MEDICATION SAFETY AND QUALITY
District nurses’ perceptions of the concept of delegating administration of medication to home care aides working in the municipality: A discrepancy between legal regulations and practice
Article first published online: 16 SEP 2012
© 2012 Blackwell Publishing Ltd
Journal of Clinical Nursing
Volume 22, Issue 3-4, pages 569–578, February 2013
How to Cite
Craftman, A. G., von Strauss, E., Rudberg, S. L. and Westerbotn, M. (2013), District nurses’ perceptions of the concept of delegating administration of medication to home care aides working in the municipality: A discrepancy between legal regulations and practice. Journal of Clinical Nursing, 22: 569–578. doi: 10.1111/j.1365-2702.2012.04262.x
- Issue published online: 10 JAN 2013
- Article first published online: 16 SEP 2012
- Accepted for publication: 12 May 2012
- district nurse;
- home care aide;
Aims and objectives. To describe district nurses’ perceptions of the concept of delegating medication management to unlicensed personnel working in municipal social care.

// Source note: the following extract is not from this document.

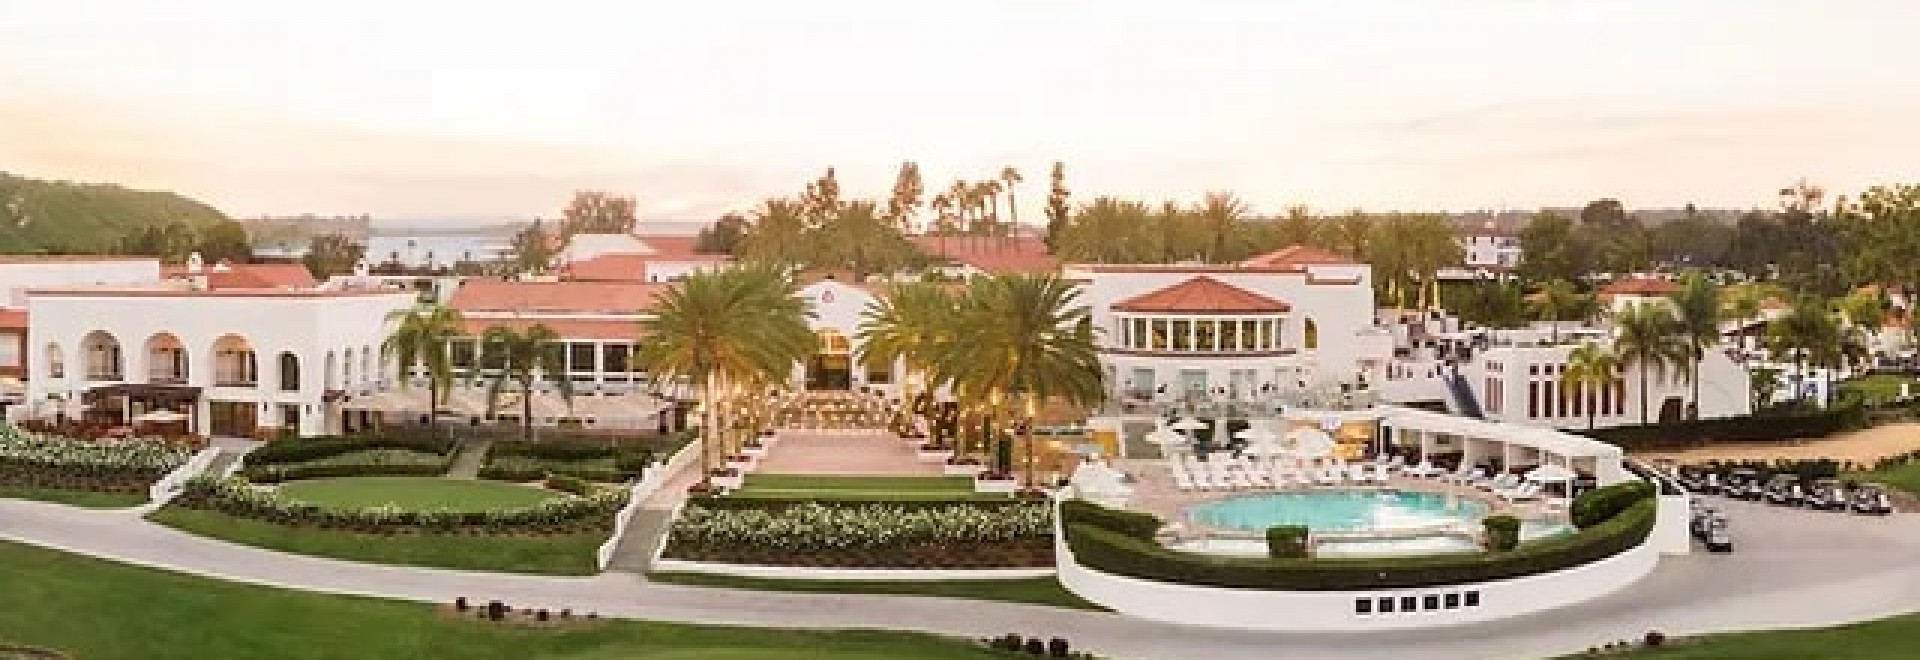 Omni La Costa Resort & Spa, California - Book. Travel. Play.

Background. The delegation of medical tasks involves responsibility and is regulated by law to avoid damage and injuries and to protect the patient. The delegation of the administration of medication is a multifaceted task. The delegating district nurse is responsible for the outcome and should also follow up the delegated task.
Design. A descriptive qualitative study, involving semi-structured interviews and content analysis.

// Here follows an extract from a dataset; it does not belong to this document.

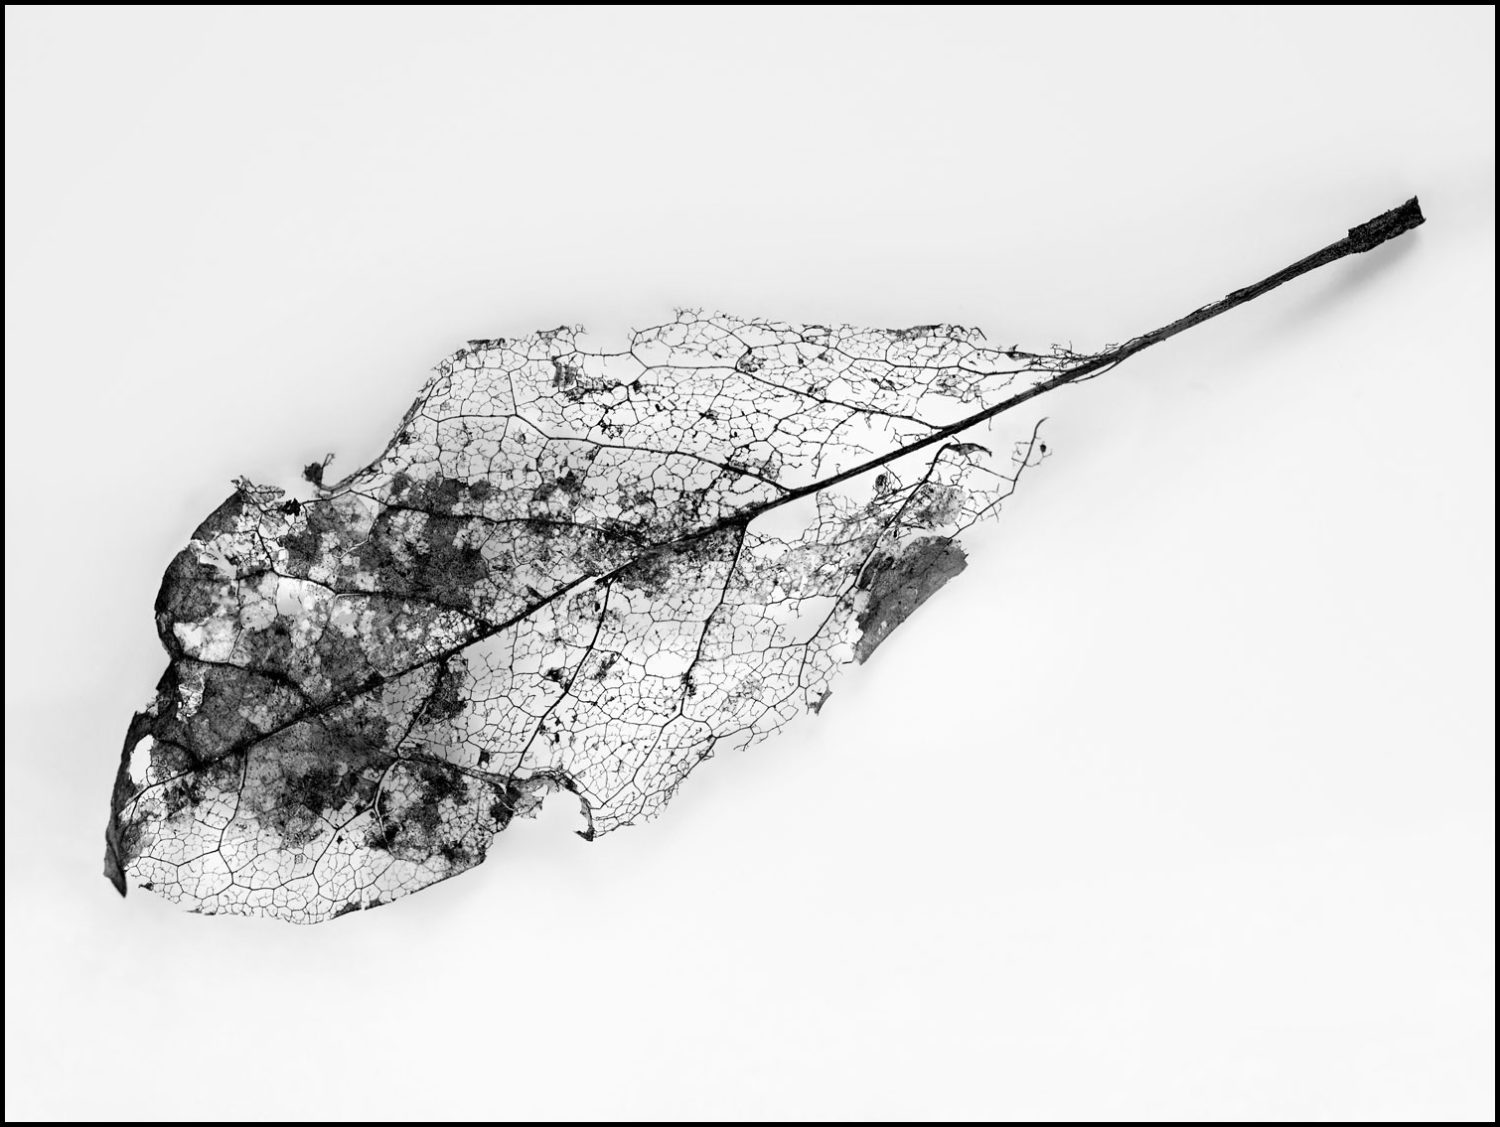 Schwarz-Weiß-Fotografie: Pflanzenblattgerippe auf weißem Grund

Methods. Twenty district nurses were interviewed. The interviews were audio taped. The data were collected from April 2009–August 2010 and analysed using content analysis.
Results. The findings revealed that the statutes of delegation appear to be incompatible with practice, however, mostly due to lack of time. Communication between district nurses and home care aides, as well as tutoring, was regarded as important. The district nurses found it imperative to be available to the home care aides and made an effort to create a trusting atmosphere.
Conclusions. District nurses cannot manage their workload without delegating the administration of medication in the present organisational model of health care and social care. The statutes regarding delegating medicine tasks are also cumbersome and difficult to incorporate for district nurses who are responsible for the delegation.
Relevance to clinical practice. The findings elucidate the current situation as regards district nurses and the need to delegate the administration of medication. Health care and social care for home-dwelling older patients, as well as statutes, needs to be evaluated and updated to meet and be prepared for the increasing demands of care.